§ **WORK INSTRUCTION**
Repeat the data in full. Drop every picture.

==== PROVIDED DATA ====

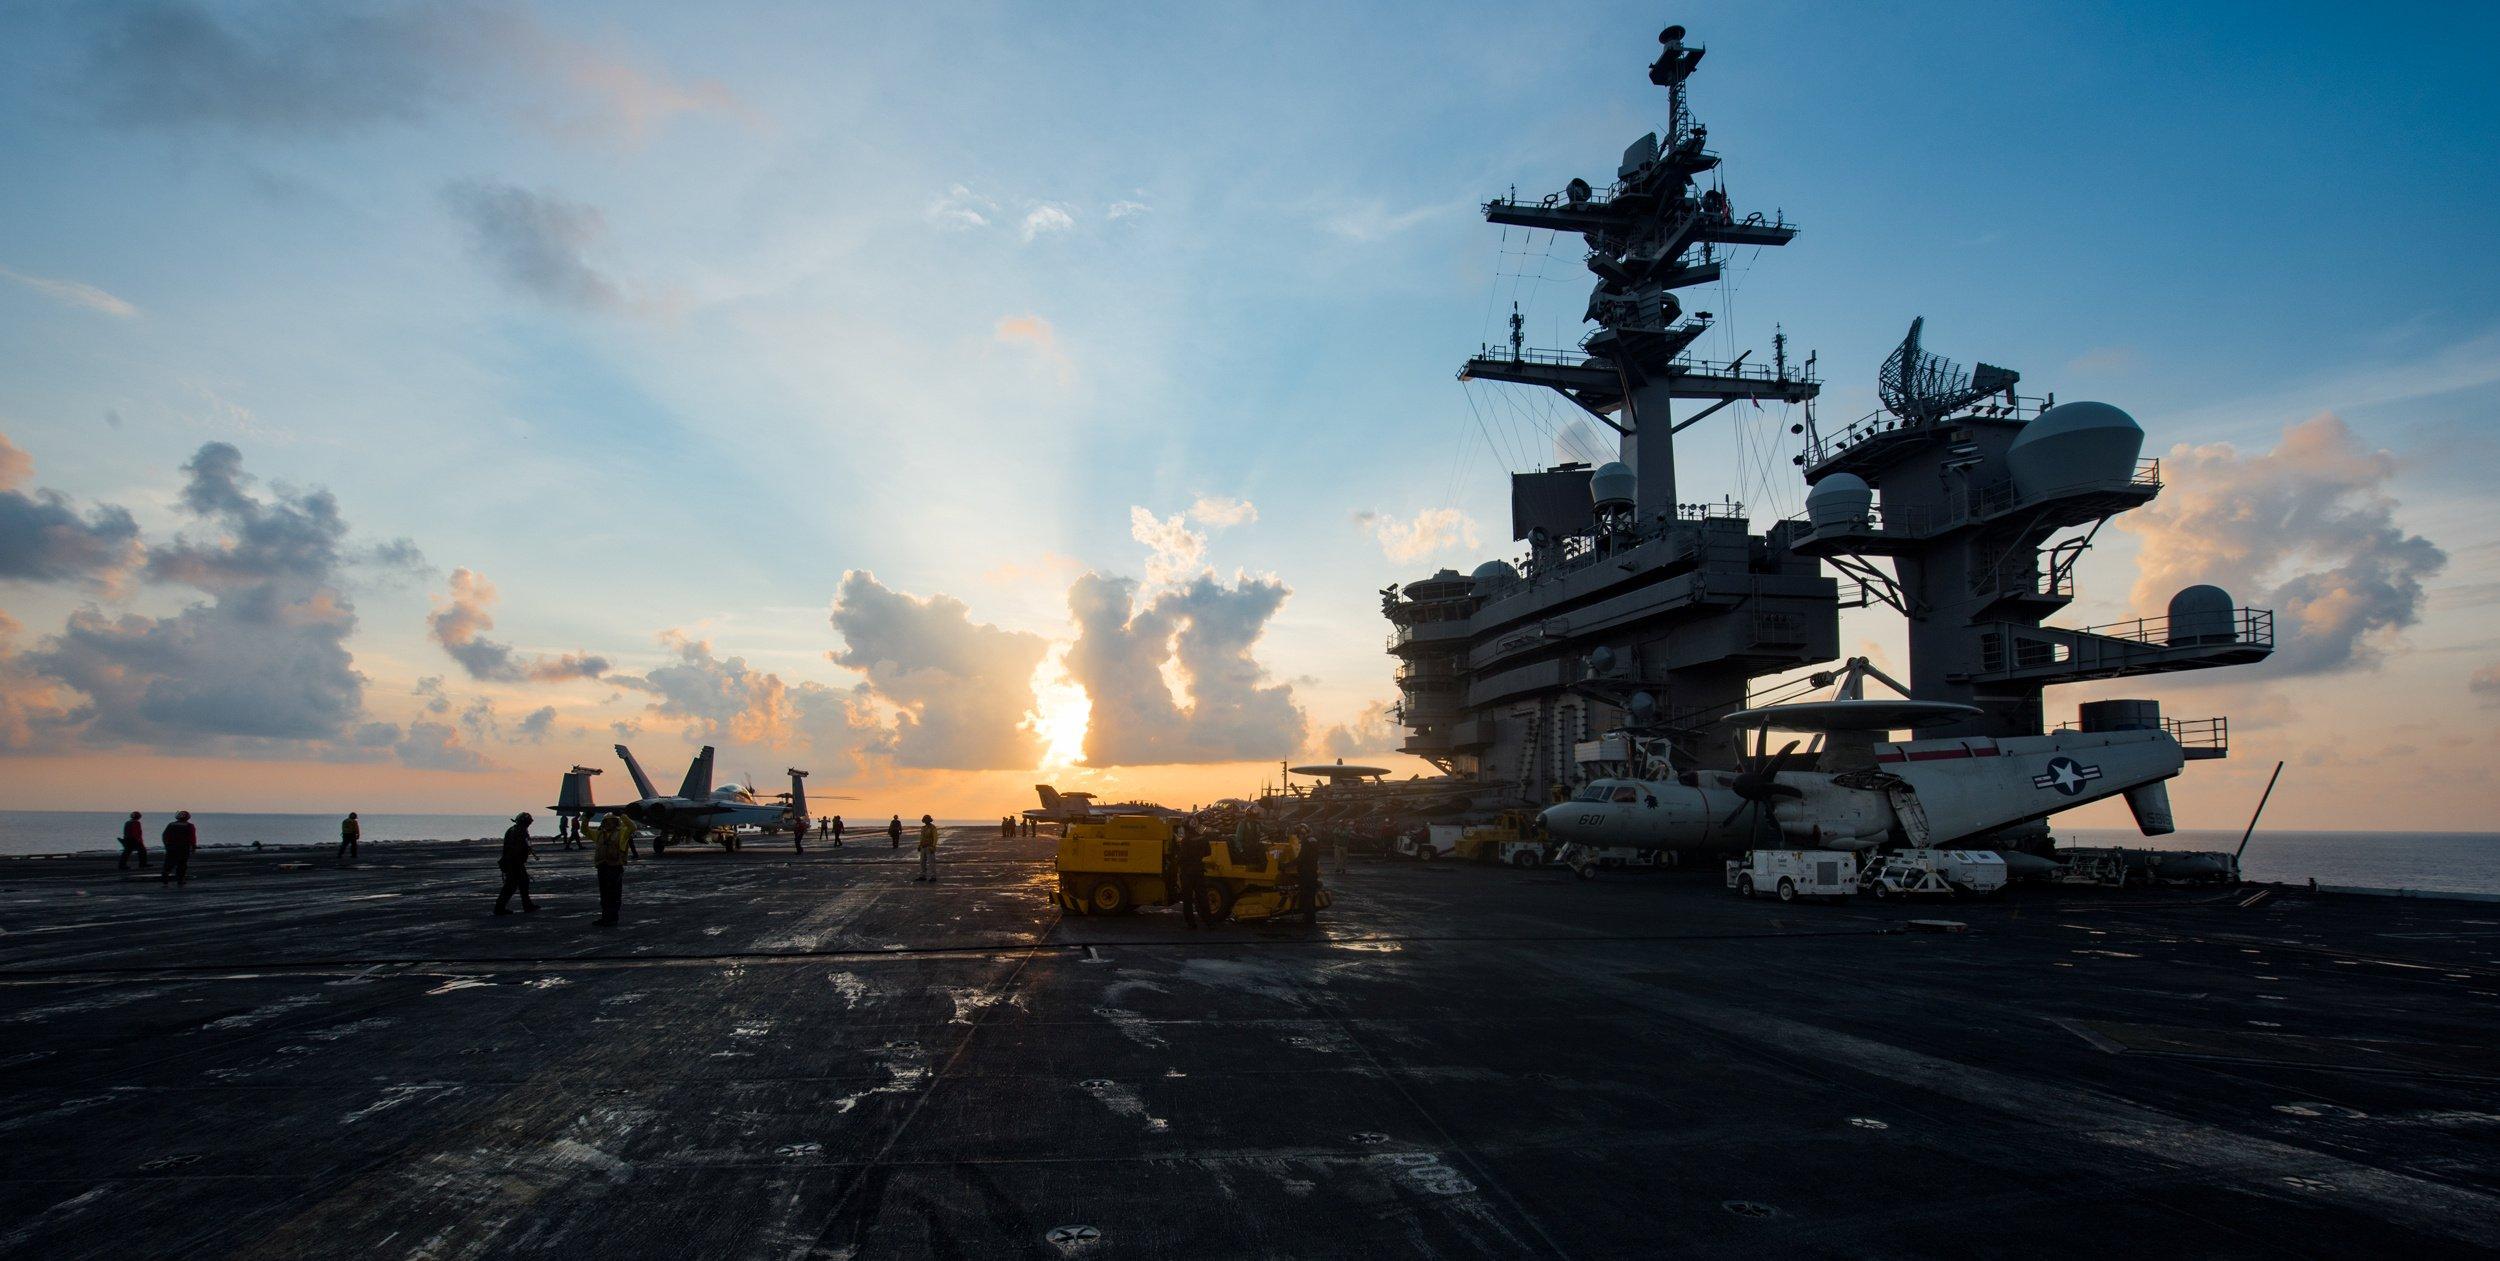 The aircraft carrier USS Carl Vinson
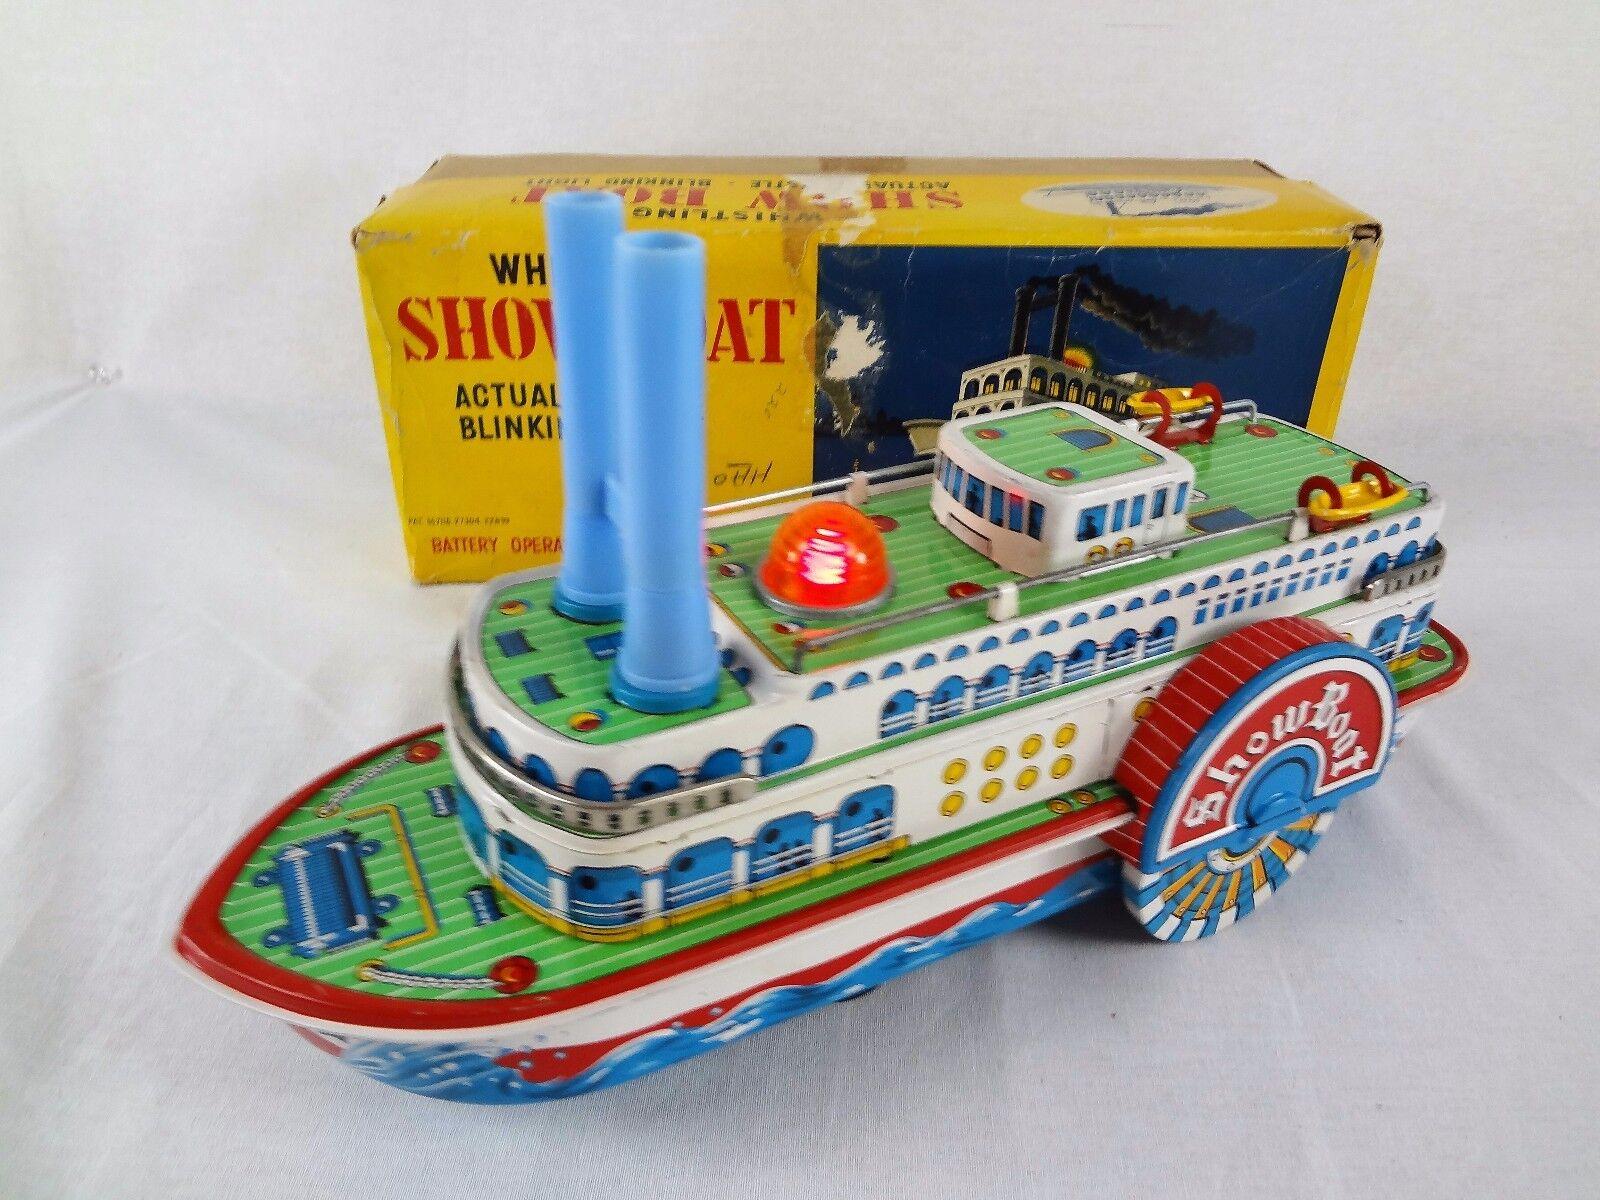 (arbetar) whistling showbåt {65533;C årgång Battery Opererad Tin leksaker {65533; C Modern TM japan
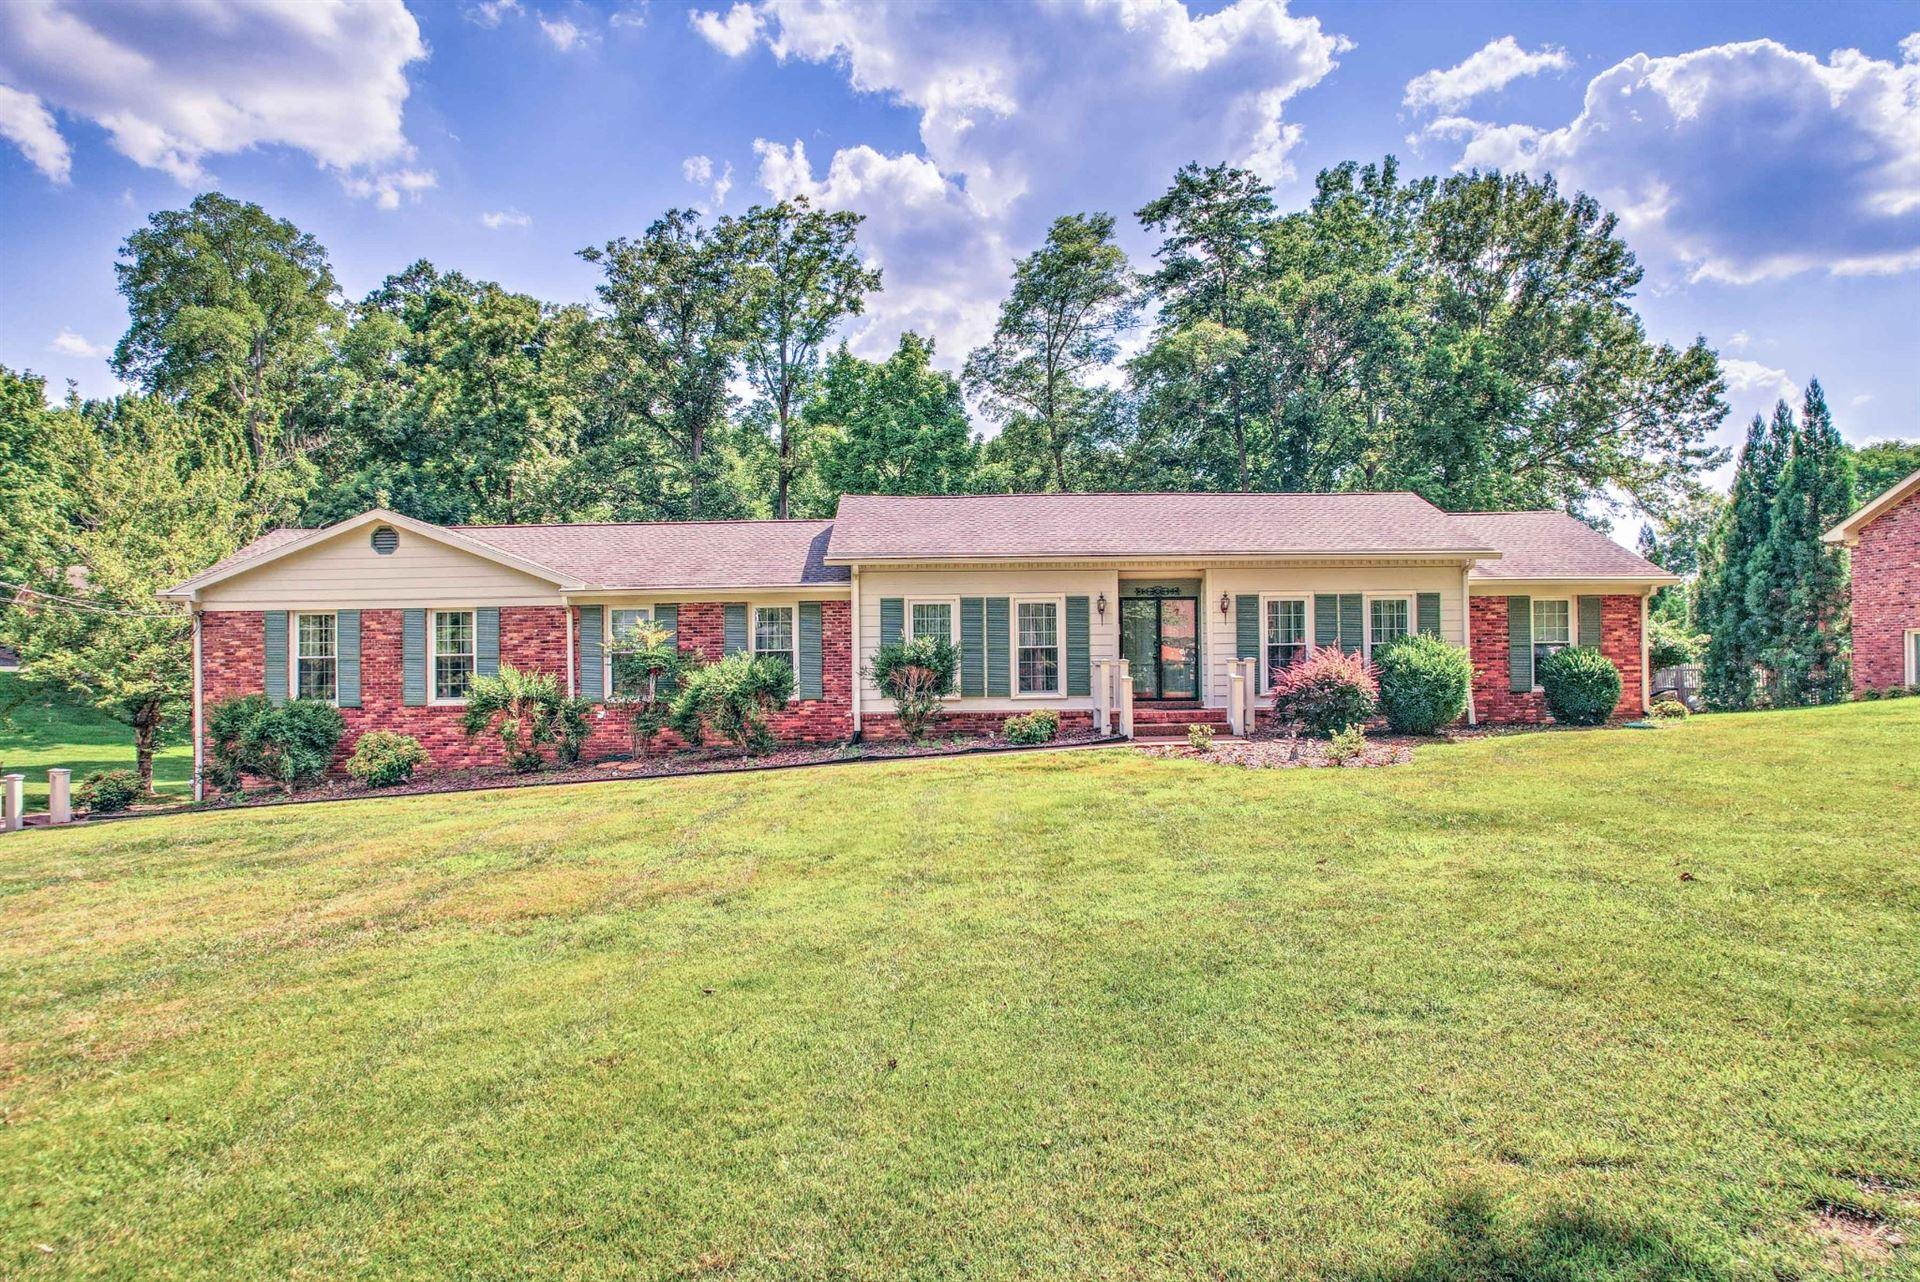 250 Hidden Lake Rd, Hendersonville, TN 37075 - MLS#: 2264472

====

§ **RESULT OF THIS TASK**
 The aircraft carrier USS Carl Vinson
 (arbetar) whistling showbåt {65533;C årgång Battery Opererad Tin leksaker {65533; C Modern TM japan
 250 Hidden Lake Rd, Hendersonville, TN 37075 - MLS#: 2264472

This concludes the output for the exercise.